The CMS experiment (Compact Muon Solenoid) is one of the four major experiments at the LHC (Large Hadron Collider) accelerator at CERN in Geneva. Its scientific mission, originally focused on the search for the Higgs boson (discovered in 2012), has diversified into a variety of precision studies and research of physical phenomena beyond the Standard Model.

The CMS experiment's detector (15 m in diameter, 22 m long, and weighing over 14'000 tons) can study all the physical aspects of proton-proton collisions at a center-of-mass energy of about 14 TeV (1 TeV = 1000 billion electron volts = 1012 eV). The experimental setup contains sub-detectors capable of measuring the energy and momentum of photons, electrons, muons, and other particles created in collisions. The detector closest to the collision point is the silicon tracker, surrounded by the electromagnetic calorimeter, followed by the hadronic calorimeter. The tracker and calorimeters are located inside the superconducting solenoidal magnet, which generates a magnetic field of approximately 4 Tesla. The muon detection system is located outside the magnet.
The main objectives of the experiment are:
- study of particle physics at the TeV scale
- detailed study of the properties of the Higgs boson
- search for new physics beyond the Standard Model
The CMS collaboration involves more than 4000 people from 246 scientific institutes in 58 countries.

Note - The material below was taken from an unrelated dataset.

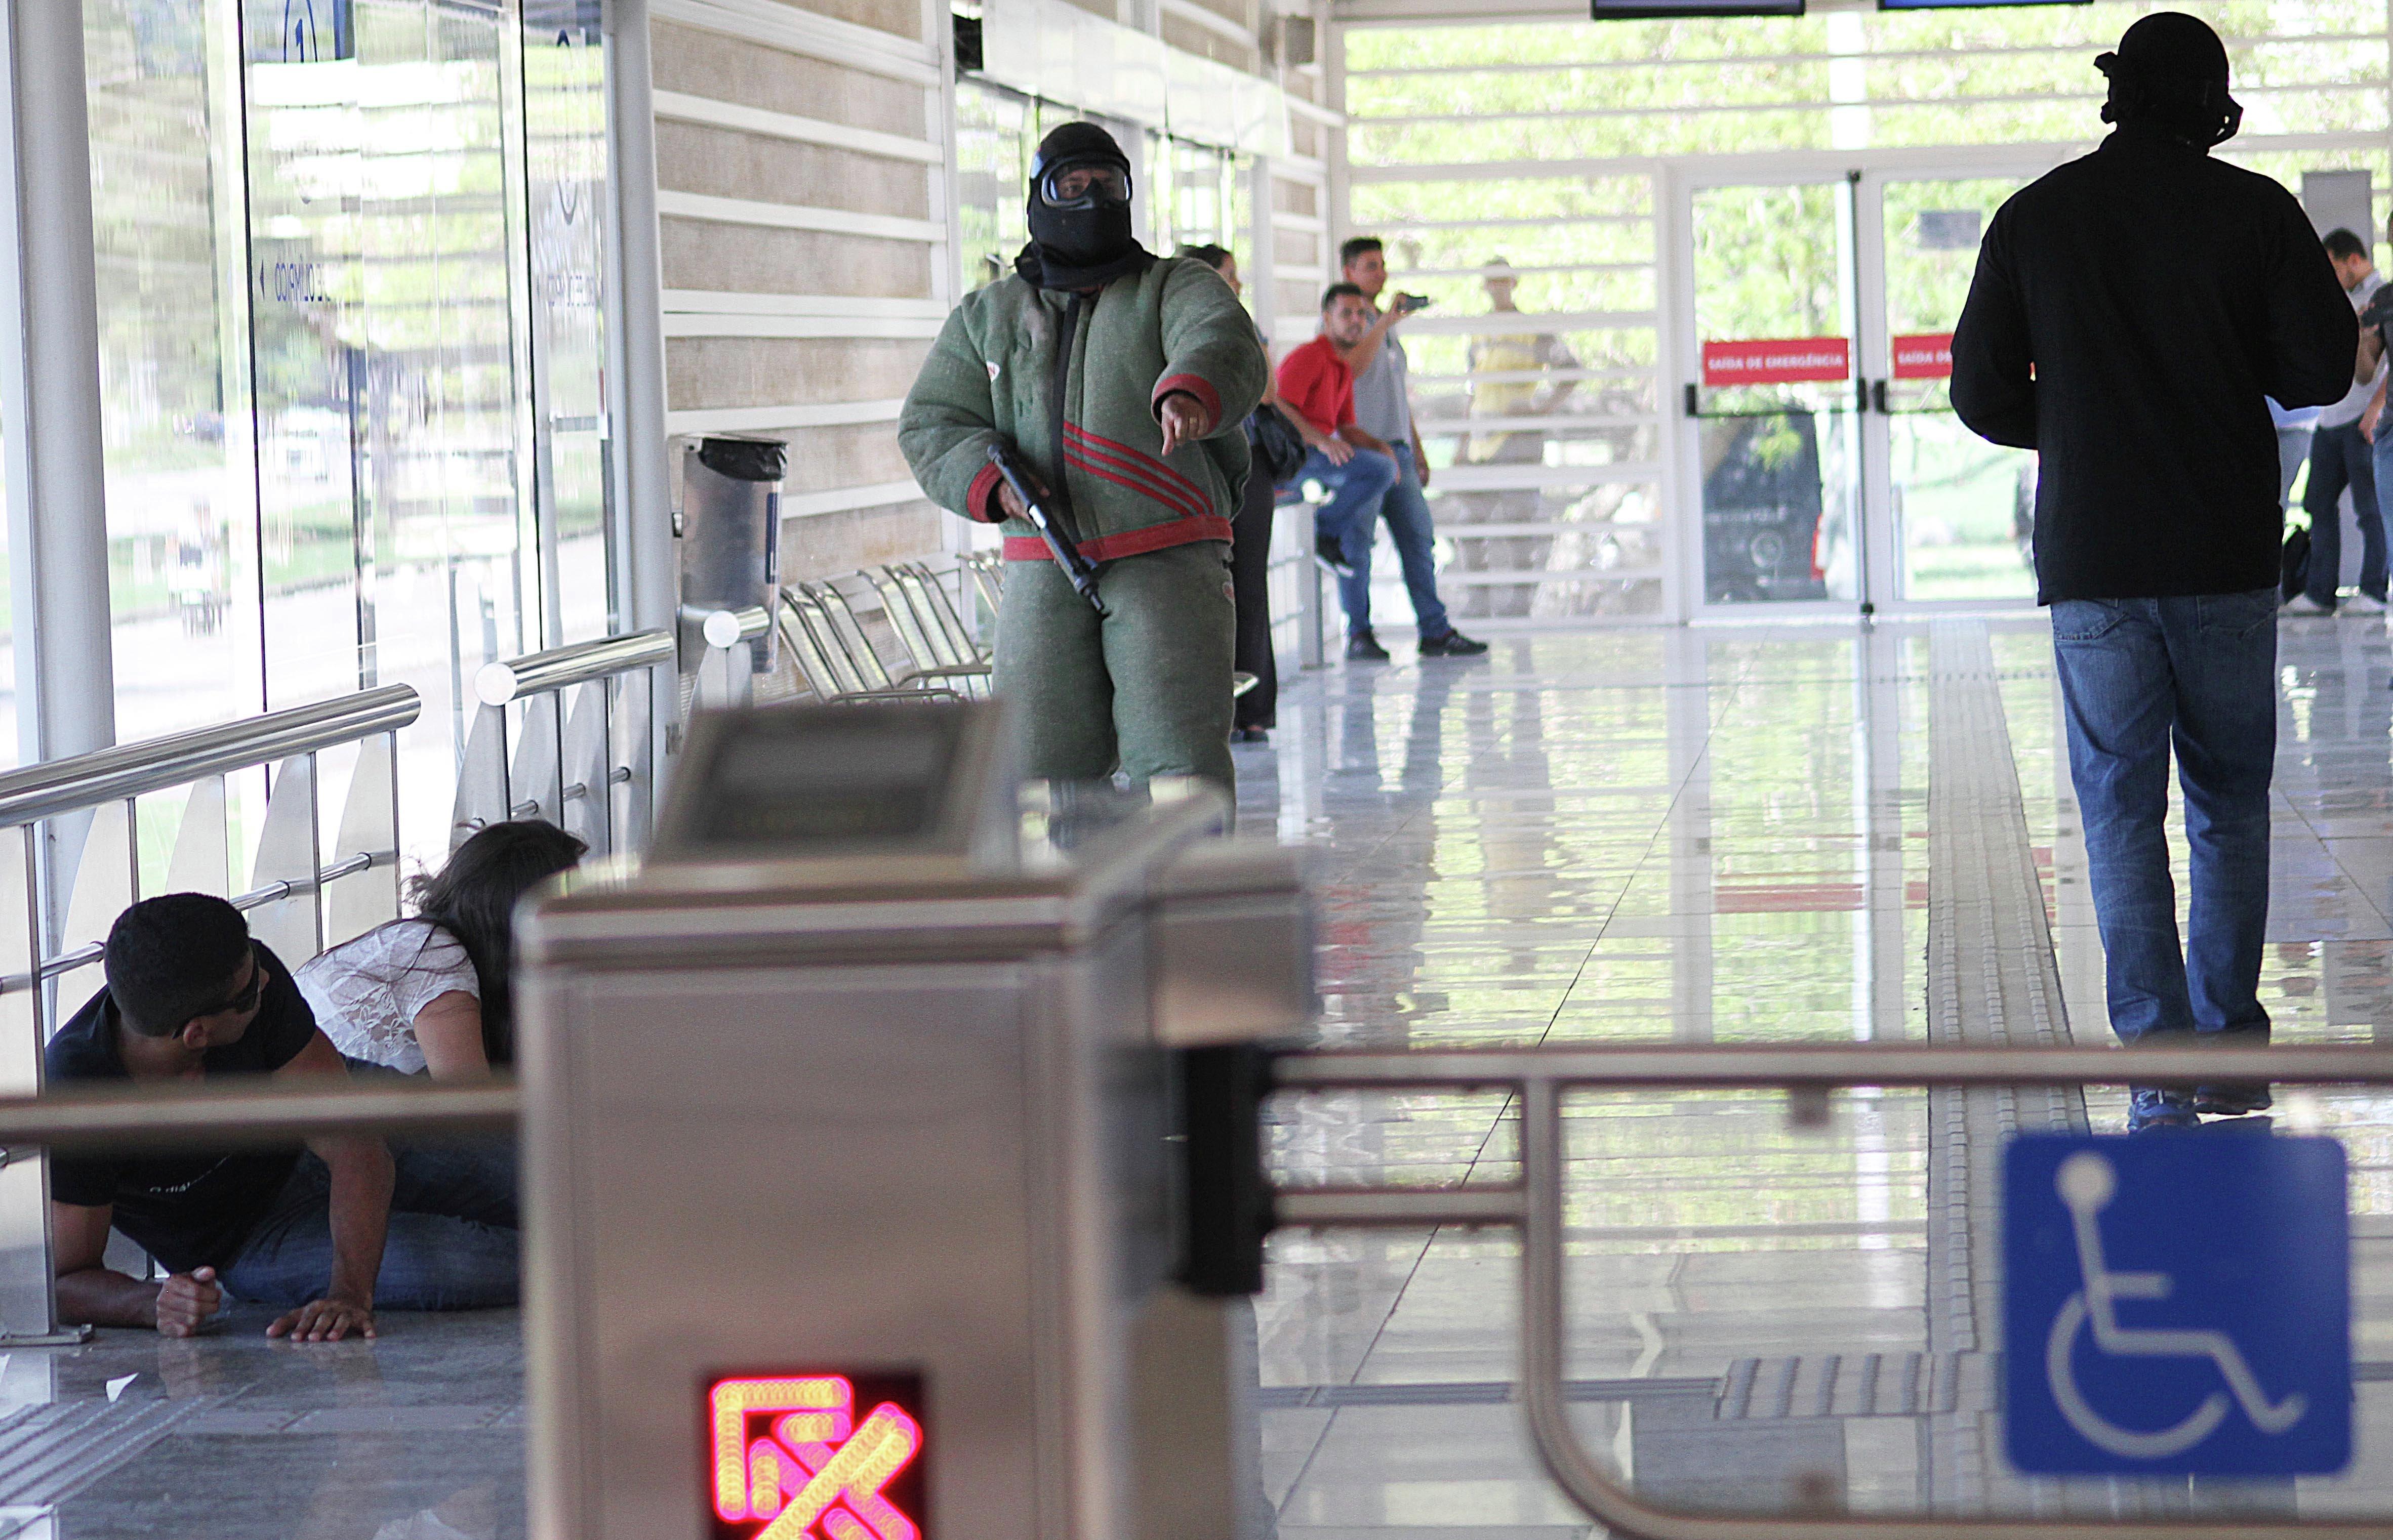 En el interior de la estación los secuestradores amenazan a los rehenes durante el simulacro

The CMS Catania group has contributed significantly to the construction of the current silicon microstrip tracker (installed in 2009) and the current silicon pixel tracker (installed in 2017, replacing the previous detector).
The CMS Catania group is currently involved in the construction of the new tracker, which will replace the current one in 2030. Specifically, qualification tests of the electronic circuits (front-end hybrids) used to read the signal produced by the particles in the tracker are being carried out in Catania.
The CMS Catania group, with coordination roles within the international collaboration, is also active in other activities as quality control of the data recorded by the detector, development of the construction database for the new tracker, data analysis search of supersymmetry.